ATI Radeon 9200 BIOS and XP Startup Problems w/ HP F50 LCD Panel

A

Alan Spicer

Hello,

I've got a brand new ATI Radeon 9250 card. (PCI card).

HP a1010n PC with onboard Video
HP F50 LCD Panel Monitor

I bought it for a special application to use the S-Video Output for TV.
(Already had an RF Modulator and RF TV distribution system on a boat.)

Before I installed the new ATI Radeon I went in the BIOS Setup and set the
Primary video to be the PCI slot for the new video to fire up. On turning on
the PC I immediately had a got weird blotchy distorted color screens on the
HP 50 monitor as if the card was at some resolution that the monitor
couldn't handle.

I took the card off site and put it in another older HP Celeron PC and
connected the VGA out to a Compac V700 CRT Monitor. I corrected the
resolution of the ATI card from 640 x 480 by re-enabling the onboard video
and setting it to 1024 x 768. (Plan on doing this back on the boat). Tested
the TV Output through a VCR and everything worked fine on the V700 crt
monitor and the TV Output.

Took it back to the boat and re-enabled the onboard video long enough to fix
the ATI resolution in Windows XP and set the ATI back as primary in both
BIOS and Windows. At this point rebooting worked fine and the HP 50 Monitor
worked fine. Note that I had not tried the TV OUT yet.

After enabling the TV OUT all seemed to work fine as long as we were up and
running in Windows XP. But reboot and the weird corrupted video from the ATI
to the HP F50 monitor was back again. But strangely it is only seeming to be
during the BIOS startup screens and the Windows XP startup screen. After
"Welcome" and the the "Desktop" the video is fine again. (Only that weird
firey melting distorted color video stuff at boot up is very discomforting
for the owner of the yacht. And I don't blame them.)

Has anyone seen this before? ATI Customer Support isn't much help. They
asked me to run a software utility and give them a debug text file ... which
they seemed to do absolutely NOTHING with. I told them a secret, that the
ATI card works fine on my V700 monitor, and it also works fine on another
(Magnavox? TV/Computer Display) special monitor that the customer brought
onboard. ATI has no answer, won't recommend a monitor, won't tell any
technical detail. They are just at the BLAME GAME. "Must be your monitor,
contact HP". "RMA is available if you want it". I ask for monitor
recommended specs or makes / models and I get no answer at all.

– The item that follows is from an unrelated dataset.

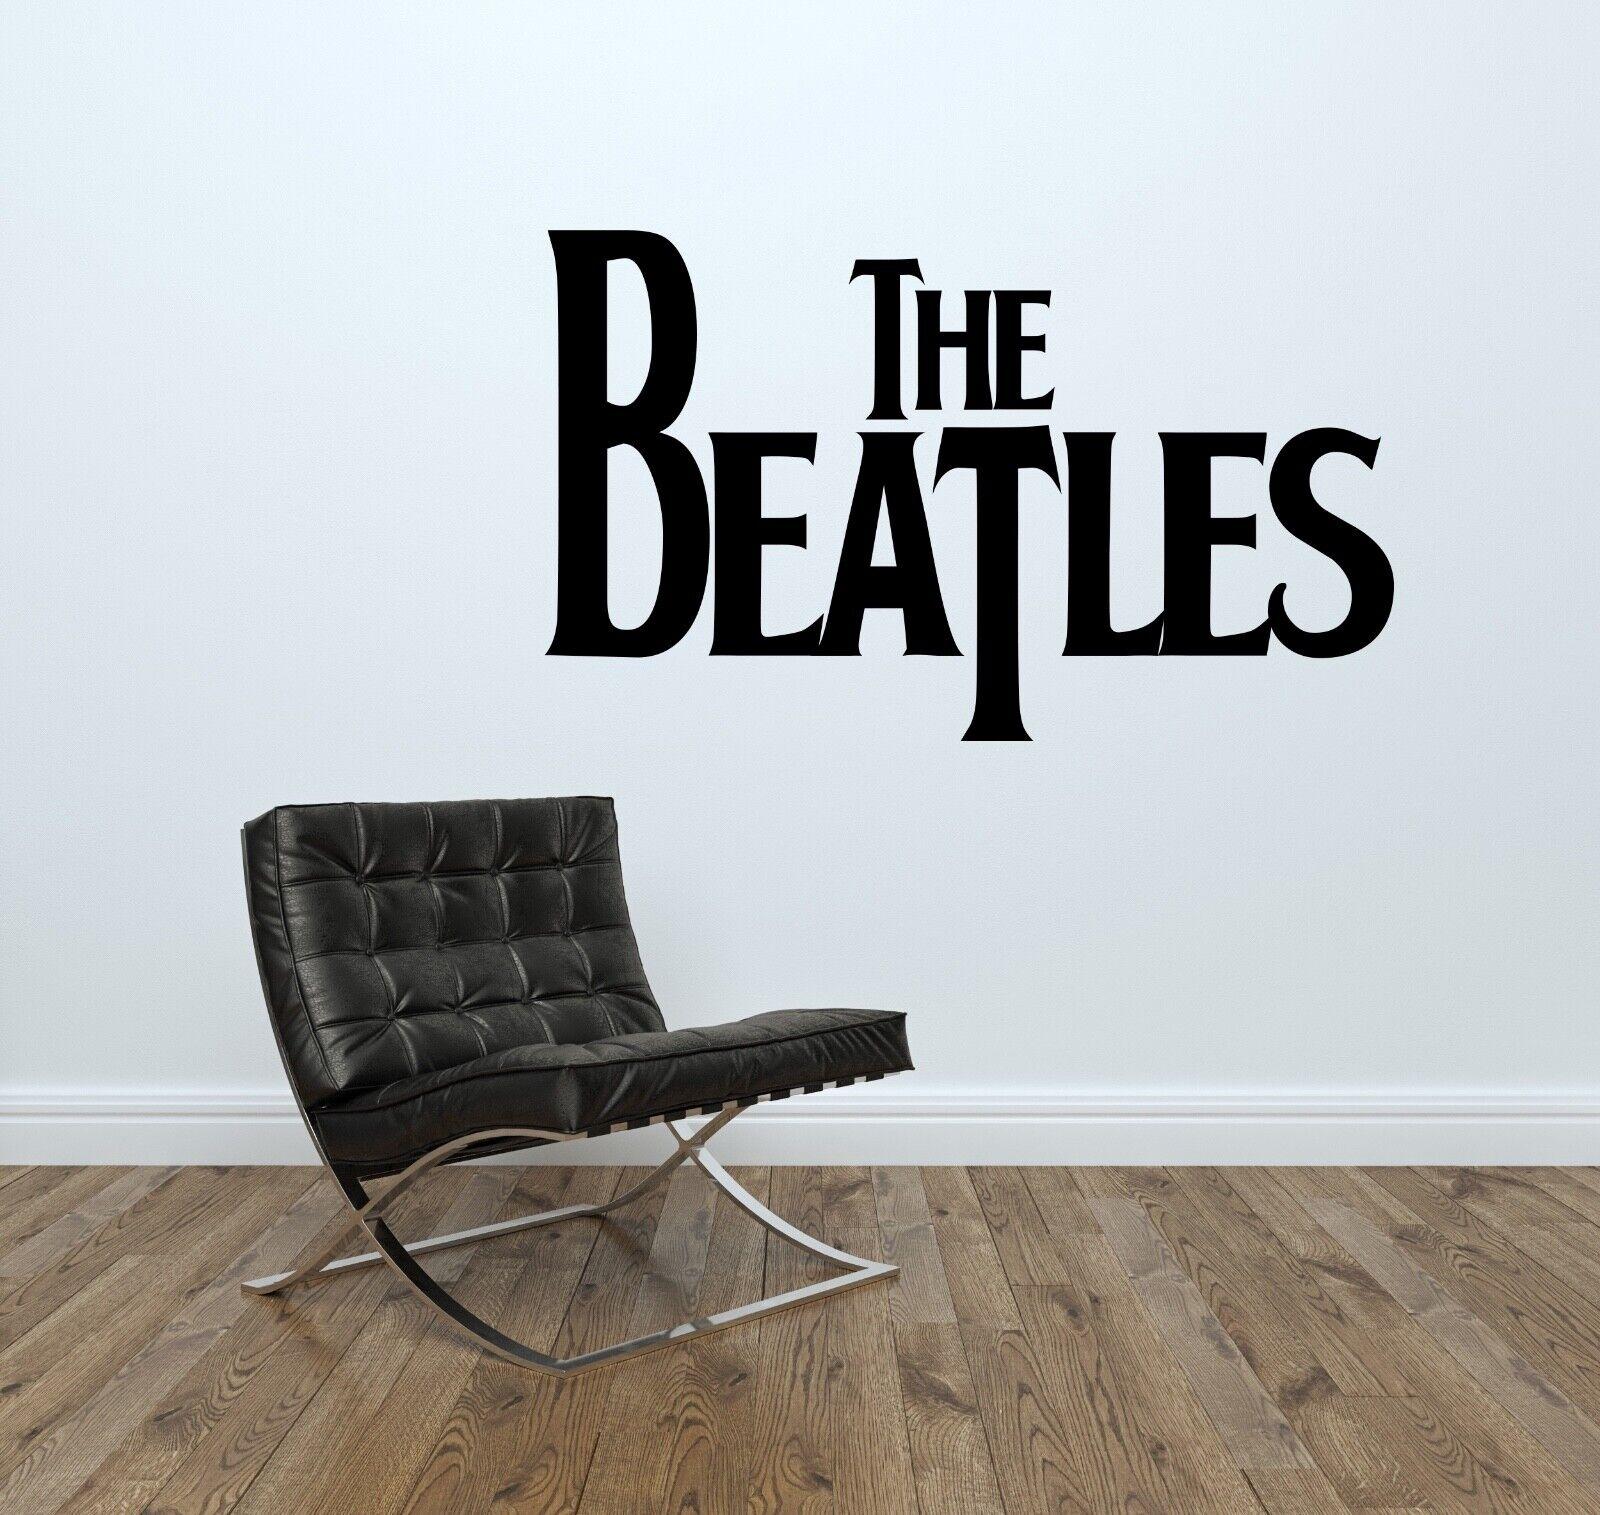 The Beatles WALL STICKER Decal Home Decor Art Mural Stencil Silhouette ST131

(Oh I also tried one time ... disabling the ATI again in BIOS and Windows
and leaving the TV OUT off. Reboot, set the ATI back enable and primary BIOS
and Windows, reboot again. And the card goes back to functioning normally
again even at reboot. So there must be something that goes wrong after TV
OUT has been enabled. Turning TV OUT off doesn't fix it. Only shutting the
card off completely (BIOS/Windows) and then back on again (BIOS and Windows)
gets it out of this trouble.)

Again when the problem exists... I can connect this other flat panel
Magnavox TV thing and the same BIOS and Windows startup screens come through
just fine. It seems to be some resolution/refresh thing that this HP F50
Monitor cannot handle. Also when the TV OUT has been on, but it is turned
off in Windows XP (the Radeon Display Settings Tab) the startup screens
still continue to the TV as well as the monitor (although corrupted to the
monitor screen). That's how I know for sure it is those startup screens
which are causing the corrupted video to the F50 monitor.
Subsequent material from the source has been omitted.